OPINIÃO: "Um lar debaixo da ponte"
Perante todos os comentários que vi acerca da reportagem da TVI, transmitida ontem, sobre a vida de dois sem-abrigo, não pude deixar de sentir curiosidade em ver. Acabei agora de ver os 27 minutos de uma reportagem que parecia nunca mais ter fim. Digo isto não por ter sido entediante (foi tudo menos isso), mas porque foram 27 minutos em que eu me odiei por me queixar tanto da vida maravilhosa que tenho, quando comparada com tantas pessoas que não podendo viver, apenas sobrevivem.
"Estou aqui porque preciso de cá estar", foi uma das primeiras frases da reportagem. Juan Bento e Fernando Torrezão. Dois dos tantos sem-abrigo que por aí vamos vendo. Duas pessoas que vivem debaixo de uma ponte, com pouco ou nada e que, mesmo assim, sorriem. Sorriem porque não têm nada mas estão vivos. Sorriem porque enquanto houver amanhã haverá sempre esperança. E como temos nós a lata de perder a esperança por coisas tão desnecessárias, quando pessoas como estas a conseguem manter?
Em Portugal, 1 em cada 5 pessoas são pobres. É exatamente isto que mais me revolta. Vivemos num país em que a pobreza é desculpada, quase como se fosse perfeitamente natural e válido esta estatística ser verdadeira. Portugal é um país governado por aqueles que acham que viver na rua é um luxo, por aqueles que acreditam que toda a gente pode viver com pensões e ordenados míseros (quando os têm) menos os Senhores Doutores que mandam nesta merda toda. Perdoem-me a linguagem, mas às vezes é preciso dar nomes às coisas e este país não passa de uma merda, no seu estado mais puro.
Ao ver casos destes (e outros que não são mediatizados) penso instantaneamente no que poderia fazer para ajudar. E pergunto-me: será que esses filhos da mãe que nos governam não pensam que um pedacinho do ordenado deles poderia ajudar muita gente? Será que não entendem que os milhões que metem ao bolso davam para salvar muitas pessoas da crueldade das ruas? Se alguns cidadãos comuns (mesmo não tendo muito) conseguem sentir a necessidade e até o dever de ajudar estas pessoas, como é que aquela gentinha não sente isso?

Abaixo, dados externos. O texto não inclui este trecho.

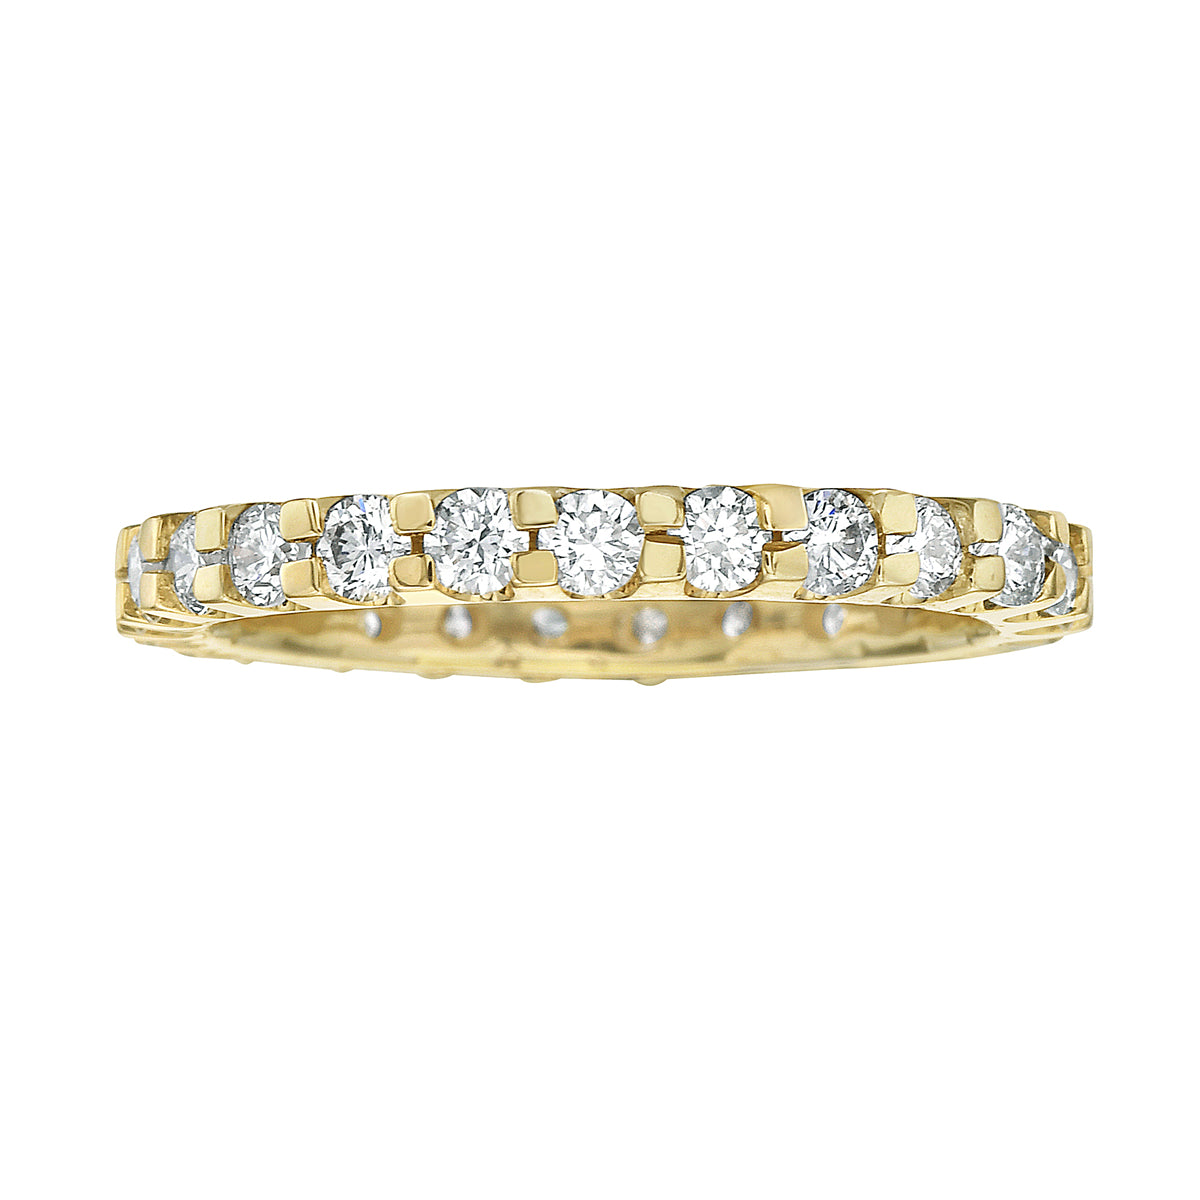 Ring 14KY 25RD-0.78CT Size-4

A meu ver, ajudar os sem-abrigo e toda a gente que faz parte da estatística que cobre o nosso país com um manto de vergonha, deveria ser um DEVER de todos, mas principalmente daqueles que têm tanto e nada fazem. Como podem eles dormir sabendo que 1 em cada 5 pessoas não sabem o que é viver, porque a única coisa que lhes é permitida é sobreviver? Somos governados por pessoas ou por cavalos? Sem ofensa aos cavalos, que devem concerteza ter mais sentimentos.
Chorei durante toda a reportagem. Chorei porque a verdade dói, custa a engolir e porque dou e sempre dei um valor enorme a pessoas que conseguem ir vivendo desta forma e que, mesmo assim, se dignam a ser pessoas honestas, quando tinham todas as razões do mundo para não o serem - visto que a desonestidade dá mais lucro por estes lados.
Orgulho-me de, pelo menos, viver num país em que os media fazem o que deve ser feito: divulgam estes casos. Se não servir como uma forma de abrir os olhos a quem se nega a ver, que sirva pelo menos de uma chapada na cara para esses "senhores" que todos os dias nos tentam atirar areia para os olhos com toda a porcaria que dizem.
Sinto-me revoltada com o país em que vivo, com a sociedade hipócrita e atrasada que temos e, principalmente, com os "ricalhaços" lá de cima, que são tão ricos e acabam por não ter nada.
Nunca esquecerei uma das últimas frases que Fernando disse: "Não sou capaz de pedir nada a ninguém, quando o faço é por grande necessidade ou porque tenho muita fome para o fazer."
Quando vivemos num país em que um sem-abrigo demonstra não ser capaz de pedir nada a ninguém, enquanto quem nos governa nem pede - apenas rouba - algo está mal. Se eu, que não sou ninguém, consigo ver isso, por que raio é que quem devia ver não vê?
Somos um país de cegos, do pior tipo de cegos: aqueles que não querem ver.